Recently, I had an opportunity to sit down with Professor Hollinger. You can also talk to him if you live in or around New York City. This Wednesday, September 28, the Committee on Historical Studies at The New School for Social Research will host a talk by Hollinger, followed by a Q & A. You can register and get details here.


Claire Potter [CP]: There’s a big question that threads through Christianity’s American Fate: even if an American isn’t a Christian, that person needs to pay attention to Christianity. Why?

David Hollinger [DH]: Because Christianity remains so important in the United States: who controls it, and the uses to which it is put, impact everyone. Evangelical Protestants have become a prominent political foundation for the Republican Party. I don’t think anyone who cares about American democracy can ignore Christianity.

We’re now confronted with a remarkable paradox. Our increasingly secular society is saddled with increasingly religious politics. Religion is ever-more prominent in Supreme Court decisions and in the statements that candidates for political office make. Politics are not only more religious, they are more Christian. 

CP: You argue that there’s nothing stable or predictable about Christianity over time. What forces have pushed Christianity in different directions?

DH: What counts as Christianity in any given place depends on who’s got the franchise. The Christian project has taken a lot of different forms in the last 2,000 years. But the forms it takes depend on someone being able to build a critical mass of people willing to accept those forms as Christian. Whatever ideas, interests, and values they bring in from outside then define Christianity in that particular case. They get the franchise.
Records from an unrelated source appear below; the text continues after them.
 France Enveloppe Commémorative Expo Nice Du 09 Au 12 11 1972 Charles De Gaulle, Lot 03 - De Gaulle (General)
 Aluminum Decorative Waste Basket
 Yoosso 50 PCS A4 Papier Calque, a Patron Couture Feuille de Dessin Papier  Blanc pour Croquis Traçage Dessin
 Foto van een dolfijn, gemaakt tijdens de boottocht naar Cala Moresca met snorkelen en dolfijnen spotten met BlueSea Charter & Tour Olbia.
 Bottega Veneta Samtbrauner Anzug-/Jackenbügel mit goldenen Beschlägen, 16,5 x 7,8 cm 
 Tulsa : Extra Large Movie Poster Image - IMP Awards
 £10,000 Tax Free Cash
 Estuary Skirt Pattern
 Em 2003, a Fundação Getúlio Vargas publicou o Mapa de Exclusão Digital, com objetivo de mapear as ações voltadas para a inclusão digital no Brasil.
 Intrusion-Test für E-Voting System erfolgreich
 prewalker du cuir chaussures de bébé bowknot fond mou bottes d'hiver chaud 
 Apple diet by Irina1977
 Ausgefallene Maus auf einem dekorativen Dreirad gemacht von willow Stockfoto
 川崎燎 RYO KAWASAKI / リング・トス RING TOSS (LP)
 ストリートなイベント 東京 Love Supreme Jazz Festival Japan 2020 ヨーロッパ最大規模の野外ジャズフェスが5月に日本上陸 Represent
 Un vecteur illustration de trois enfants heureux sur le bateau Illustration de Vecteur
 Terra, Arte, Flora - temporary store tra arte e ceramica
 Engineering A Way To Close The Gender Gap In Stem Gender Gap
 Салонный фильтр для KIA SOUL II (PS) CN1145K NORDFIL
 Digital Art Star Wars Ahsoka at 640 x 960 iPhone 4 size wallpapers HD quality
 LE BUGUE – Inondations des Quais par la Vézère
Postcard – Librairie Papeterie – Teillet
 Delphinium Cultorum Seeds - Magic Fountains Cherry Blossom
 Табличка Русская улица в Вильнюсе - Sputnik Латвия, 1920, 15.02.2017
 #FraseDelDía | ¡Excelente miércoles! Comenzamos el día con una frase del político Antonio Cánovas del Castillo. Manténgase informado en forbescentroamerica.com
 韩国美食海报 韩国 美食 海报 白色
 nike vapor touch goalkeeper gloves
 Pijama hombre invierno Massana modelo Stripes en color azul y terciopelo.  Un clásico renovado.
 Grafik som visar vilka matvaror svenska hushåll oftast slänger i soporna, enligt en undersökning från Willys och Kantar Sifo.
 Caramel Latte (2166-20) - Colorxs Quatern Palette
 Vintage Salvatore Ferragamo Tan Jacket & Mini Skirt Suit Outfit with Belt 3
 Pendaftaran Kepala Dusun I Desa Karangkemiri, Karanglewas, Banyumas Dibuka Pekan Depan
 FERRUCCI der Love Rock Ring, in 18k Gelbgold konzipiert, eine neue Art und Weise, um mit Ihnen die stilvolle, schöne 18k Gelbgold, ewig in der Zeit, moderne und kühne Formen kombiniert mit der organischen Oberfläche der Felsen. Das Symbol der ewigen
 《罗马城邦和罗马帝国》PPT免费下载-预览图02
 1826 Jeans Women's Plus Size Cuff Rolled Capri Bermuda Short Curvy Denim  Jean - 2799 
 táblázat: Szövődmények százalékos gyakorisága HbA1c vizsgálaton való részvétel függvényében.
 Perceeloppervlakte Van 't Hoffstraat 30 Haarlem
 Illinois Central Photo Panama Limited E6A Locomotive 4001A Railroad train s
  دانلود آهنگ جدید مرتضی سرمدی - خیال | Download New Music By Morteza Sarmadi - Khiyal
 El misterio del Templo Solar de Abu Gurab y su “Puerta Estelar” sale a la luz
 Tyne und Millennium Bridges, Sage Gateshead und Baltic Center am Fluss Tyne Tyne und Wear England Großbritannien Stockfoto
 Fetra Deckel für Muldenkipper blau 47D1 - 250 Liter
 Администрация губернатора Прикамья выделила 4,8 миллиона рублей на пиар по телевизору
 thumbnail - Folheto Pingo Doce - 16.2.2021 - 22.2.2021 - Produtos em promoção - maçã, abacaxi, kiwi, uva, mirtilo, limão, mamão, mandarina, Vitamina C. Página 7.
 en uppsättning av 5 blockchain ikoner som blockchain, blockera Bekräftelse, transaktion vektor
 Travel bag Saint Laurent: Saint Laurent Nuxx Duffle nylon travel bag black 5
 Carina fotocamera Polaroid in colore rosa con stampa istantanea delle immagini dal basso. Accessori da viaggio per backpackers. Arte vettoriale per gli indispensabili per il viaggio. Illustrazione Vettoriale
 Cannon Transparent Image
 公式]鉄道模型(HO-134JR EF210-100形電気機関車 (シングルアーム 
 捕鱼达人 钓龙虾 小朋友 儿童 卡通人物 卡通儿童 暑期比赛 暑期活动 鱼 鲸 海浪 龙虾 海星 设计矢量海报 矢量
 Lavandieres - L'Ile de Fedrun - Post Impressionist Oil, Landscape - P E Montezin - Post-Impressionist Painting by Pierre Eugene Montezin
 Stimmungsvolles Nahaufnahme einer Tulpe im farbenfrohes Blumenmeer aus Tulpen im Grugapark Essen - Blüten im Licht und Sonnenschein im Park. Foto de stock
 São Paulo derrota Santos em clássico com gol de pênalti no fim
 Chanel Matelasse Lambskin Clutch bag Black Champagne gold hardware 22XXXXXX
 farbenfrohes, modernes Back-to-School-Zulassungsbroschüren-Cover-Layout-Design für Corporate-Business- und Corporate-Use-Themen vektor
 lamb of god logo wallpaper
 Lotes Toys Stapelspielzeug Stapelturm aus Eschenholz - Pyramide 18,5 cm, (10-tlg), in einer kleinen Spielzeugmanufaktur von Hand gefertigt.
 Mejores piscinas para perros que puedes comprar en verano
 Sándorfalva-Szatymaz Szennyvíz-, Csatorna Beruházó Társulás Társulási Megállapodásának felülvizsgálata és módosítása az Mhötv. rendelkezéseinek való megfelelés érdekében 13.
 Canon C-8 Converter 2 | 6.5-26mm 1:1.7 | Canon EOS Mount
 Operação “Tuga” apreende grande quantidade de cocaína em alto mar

Why is this important? Well, a couple of weeks ago, Michael Gerson, a columnist for The Washington Post, who is anti-Trump and pro-evangelical, wrote that the enthusiasm for Trump among evangelicals misunderstands what Christianity is. His answer to this is to go back to Scripture: we have all these great quotes from Jesus, the Sermon on the Mount, and stuff like that. These passages are core to a liberal Protestant orientation, and Gerson says: “Well, this is what Christianity is.”

I rather like the kind of Christianity that Gerson is advocating. Still, he needs to come to grips with the historicity of the Christian project as a whole and with the historicity of its various versions.

There is no primal essence to Christianity that we can get to by looking at the Bible and comparing the ideas and practices of any particular group claiming to be Christian. The Bible consists of more than 30,000 versions written over several centuries by many different kinds of people. The notion that we can discover what true Christianity is by just looking at the Bible and seeing it somehow more clearly than other people have is a mystical, deeply anti-historical claim.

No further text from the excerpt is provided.